Kevin Murphy

Musings of a Boston-based Software Developer

Validate CSV Input With ActiveModel::Validations

Standard Library Parsing 🔗

We’re maintaining a system that tracks information about books, including their publication dates. On occasion, publishers will send us CSVs with updated publication dates, and we need to update our Rails application to have those dates.

We want a repeatable process, so rather than updating these by hand, let’s use Ruby’s CSV class to parse this data.

CSV.parse(csv_text, headers: true).map do |row|
  book = Book.find_by(isbn: row["ISBN"])
  book.update(publication_date: row["Pub Date"])
end

Four lines and we have a functionally complete parser that updates our system how we expect. That all seems great. Until, that is, we actually run it.

Book Checked Out 🔗

We execute our parser on the first data file we receive, and it quickly stops with the following error:

NoMethodError: undefined method `update' for nil:NilClass

On inspecting the state of our database, we see that the first three books in the CSV file had their publication dates updated, but the rest didn’t. Looking at the fourth row in the CSV, we discover that the ISBN for that row isn’t in our database. In that case find_by returns nil, and calling update on nil is exactly our problem. An exception is raised, and further rows of the CSV aren’t parsed.

We can fix that! If we don’t find the book, let’s log the error and move on to the next row, without calling update.

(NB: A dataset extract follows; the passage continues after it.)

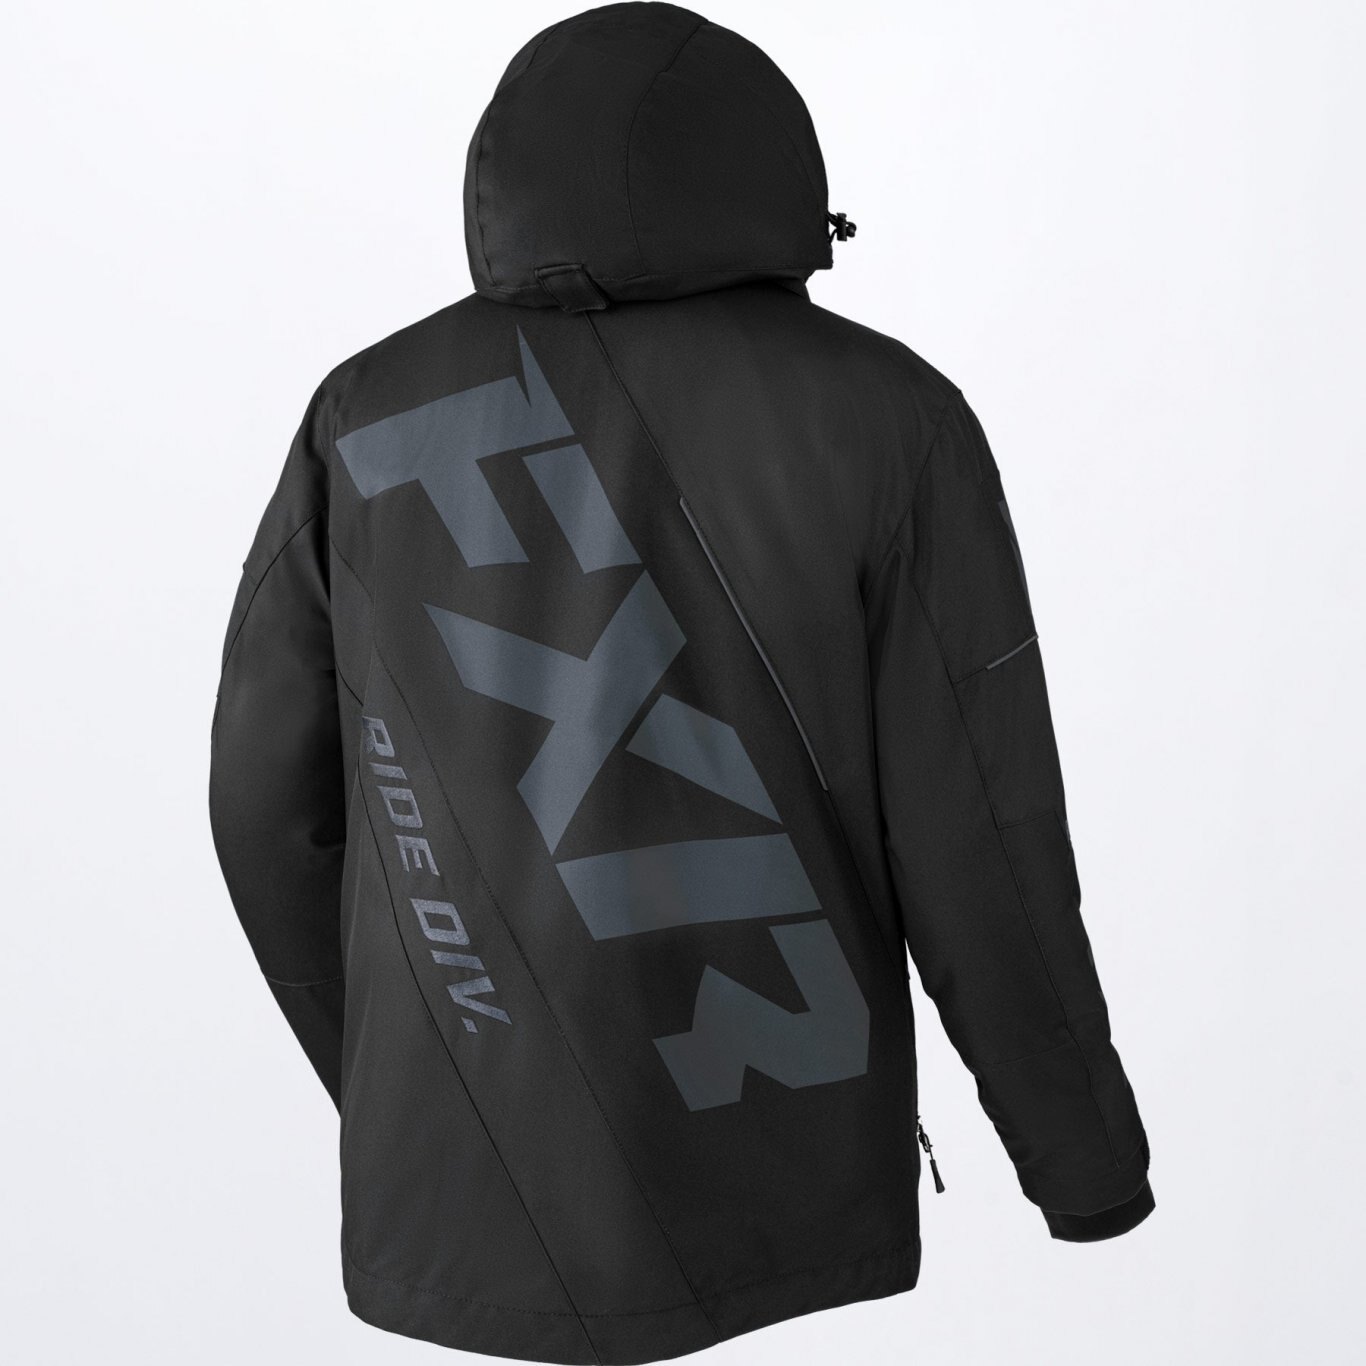 FXR Men's CX Jacket
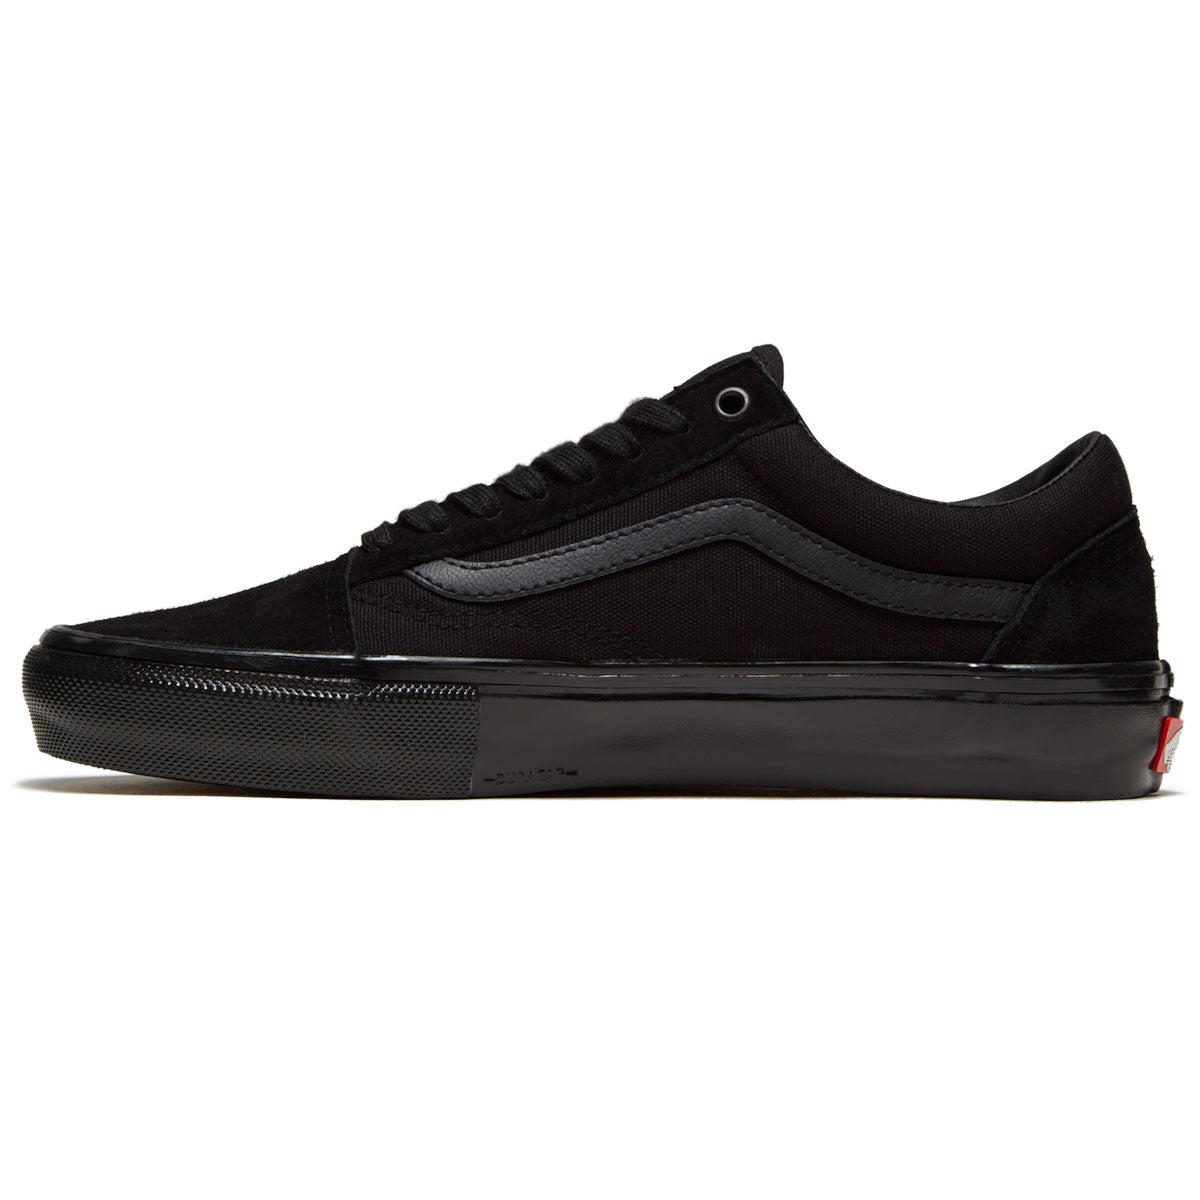 Vans Skate Old Skool Shoes - Black/Black image 2

CSV.parse(csv_text, headers: true).map do |row|
  book = Book.find_by(isbn: row["ISBN"])

  if book.blank?
    Rails.logger.error("Could not find book")
    next
  end

  book.update(publication_date: row["Pub Date"])
end

Now the entire CSV processes, our books are updated, and everyone’s happy. Right?

Blank Pages 🔗

Days later, we discover that a book which previously had a publication date doesn’t anymore. It’s not unusual for a book to not have a publication date - we have records of books that haven’t been published yet. However, books shouldn’t lose an existing publication date.

We see that the book in question was in the CSV, and the Pub Date column was empty for that row. Turns out, that was an error from the publisher in preparing the CSV. Any book in that file should always have a publication date - the purpose of this process is to provide publication dates.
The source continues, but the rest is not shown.